No entender do PS, no projeto dos juízes “não há a questão, que havia nos projetos aprovados anteriormente, do princípio da proporcionalidade e a presunção de inocência”: “Pensamos que esta é uma forma de ultrapassar os obstáculos constitucionais”.

“Fica mais clara a obrigação de justificação de património declarado e o não justificado ser passível também de uma pena de natureza criminal”, defende a deputada. Conclusão: “O PS vê com bons olhos esta iniciativa e sobre ela iremos depois apresentar um projeto lei”.

Em princípio, e se não se desentenderem nos detalhes, isto pode mesmo abrir caminho a uma aprovação de uma lei que criminalize o enriquecimento injustificado, ou a ocultação da riqueza, como os partidos estão a tentar desde 2007.

Ainda esta manhã o Bloco de Esquerda apresentou a sua própria proposta, que disse vir “em linha” com a dos juízes (com quem, de resto, se reuniu esta semana), e que prevê não só que a origem do enriquecimento seja justificada como também que seja obrigatório declarar promessas de vantagens que possam ser recebidas só no futuro (uma das maiores falhas que os juízes apontavam à lei atual).

O BE também quer que essas vantagens injustificadas possam ser ‘confiscadas’ em 100% pelo Estado, por via fiscal (neste momento são tributados a 80%, para políticos e altos cargos públicos).

O PSD mostra abertura para uma lei neste sentido, mas quer conhecer as propostas em pormenor. Em resposta ao Observador, o partido frisa que “o sistema de Justiça não se tem mostrado capaz de combater a corrupção”, o que justifica “alterações nesse sentido”, e concretiza: “Relativamente à medida pontual da criminalização do enriquecimento ilícito, o PSD apoiará sempre qualquer norma nesse sentido, desde que seja eficaz e Constitucional. A não ser assim, não o poderá fazer”.
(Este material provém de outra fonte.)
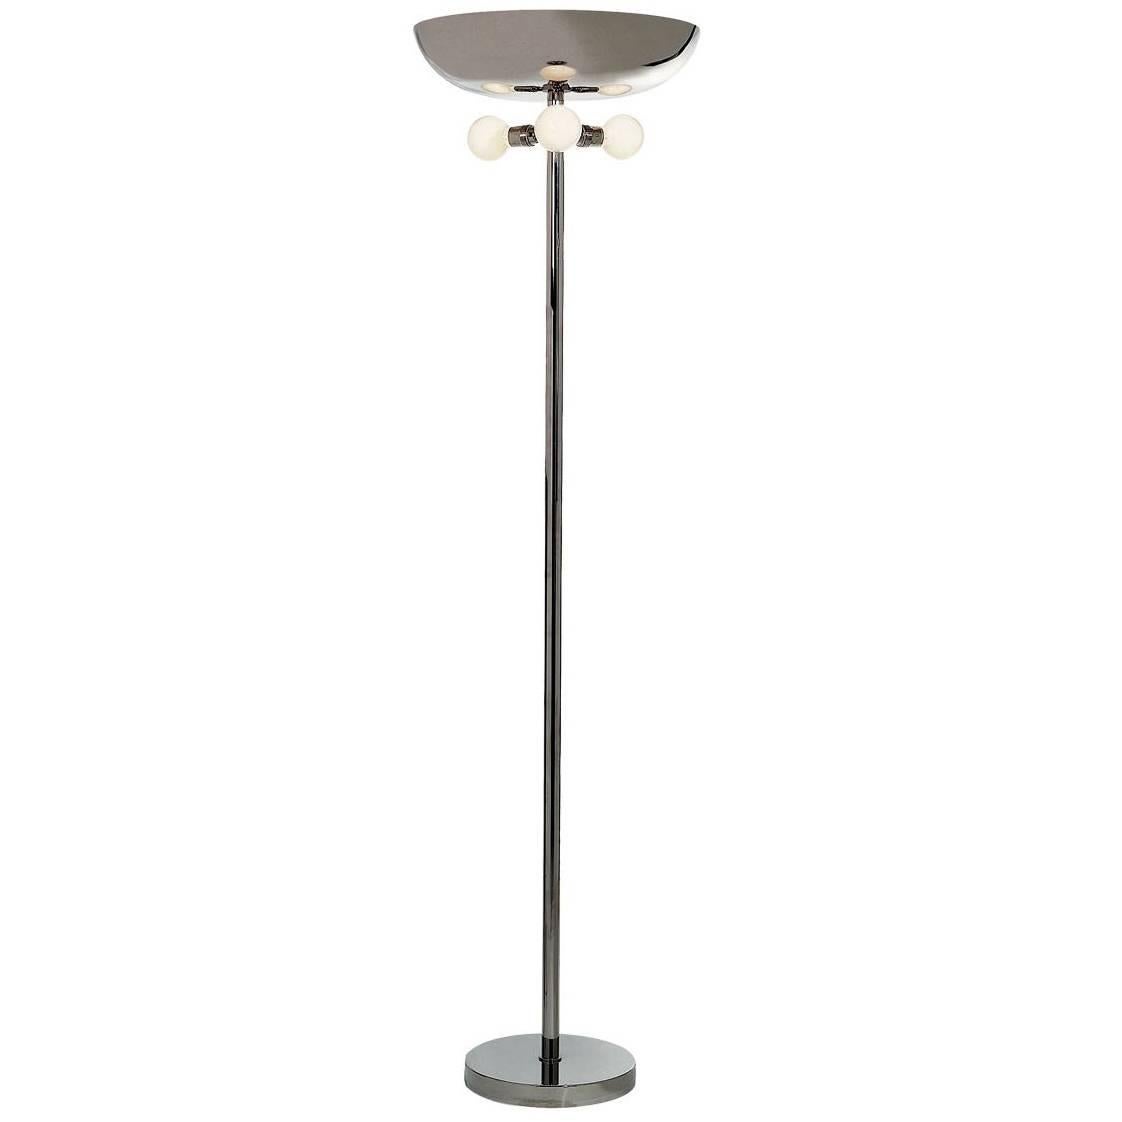 Deutsches Bauhaus Art Deco Style Brass Floor Lamp Torch, Re-Edition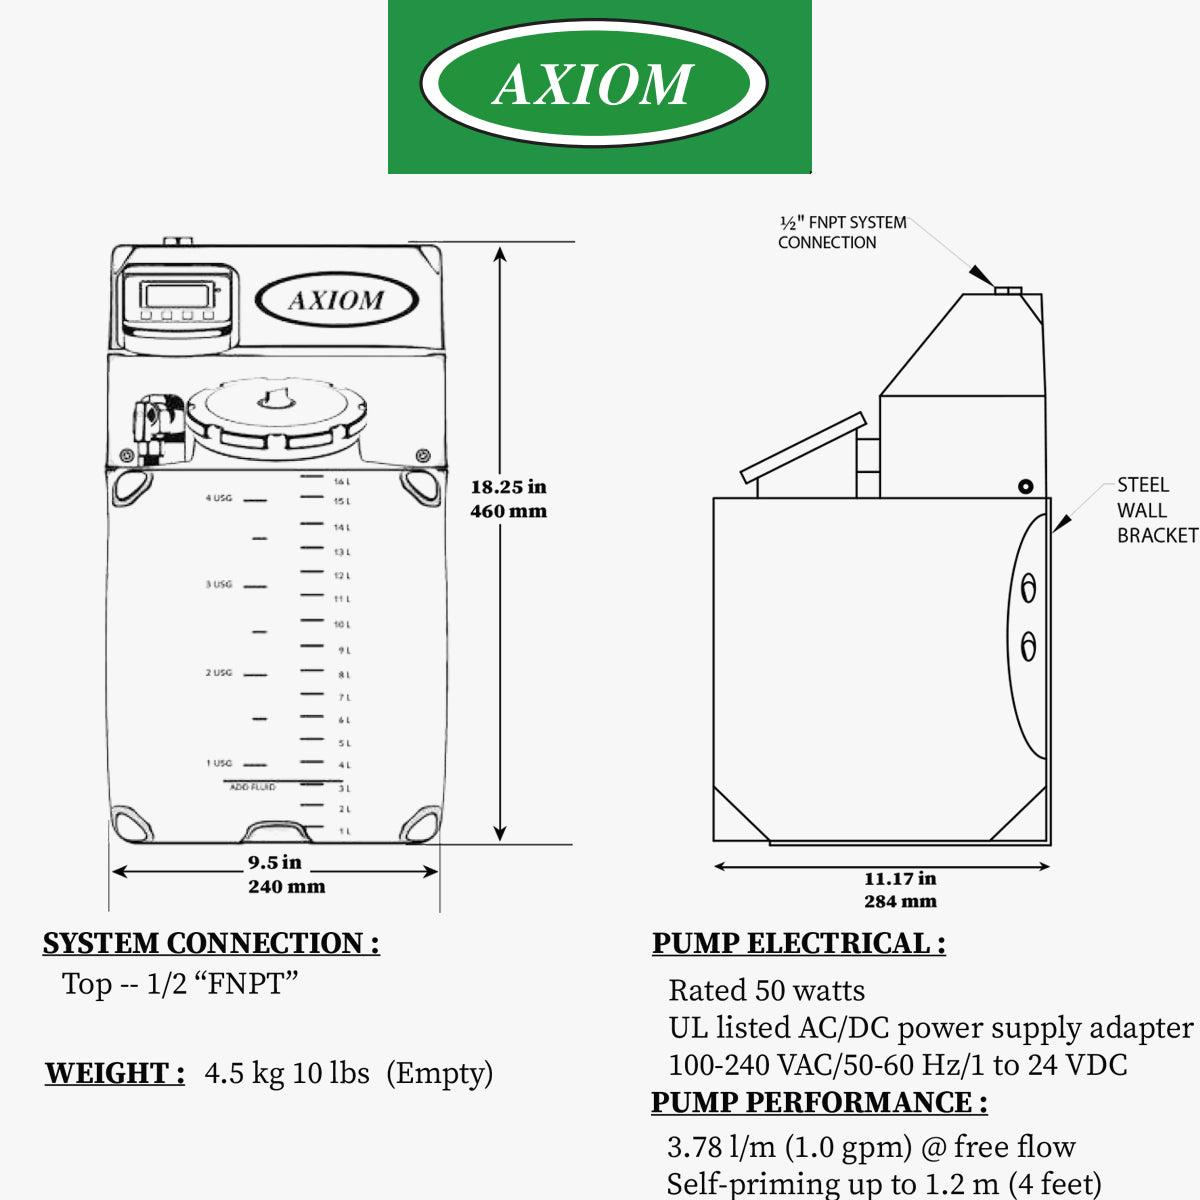 Axiom DMF150 - Pressure Pal Digital Mini System Feeder - 4.6 Gallon

Também o PCP apresentou proposta própria, que prevê igualmente um dever de justificação da origem do rendimento a partir de determinado valor (66.500 euros, ou 100 salários mínimos), e PAN e Chega têm a mesma intenção.

“Não posso fazer mais”. Marcelo pressiona Governo e partidos para criminalizar enriquecimento injustificado

Ainda assim, se houver entendimento no cruzamento das propostas, a esquerda sozinha poderá ser suficiente para aprovar a lei que Marcelo Rebelo de Sousa veio ainda esta semana pedir, no rescaldo de questões colocadas a propósito da Operação Marquês. “Não sei o que posso fazer mais”, disse o presidente na segunda-feira, garantindo que já passou tempo “de mais” e que uma “boa ideia” não se pode perder por causa da forma como é concretizada. Já esta quarta-feira António Costa deu a sua luz verde à medida, elogiando o contributo da associação de juízes e remetendo a resolução do assunto para o Parlamento.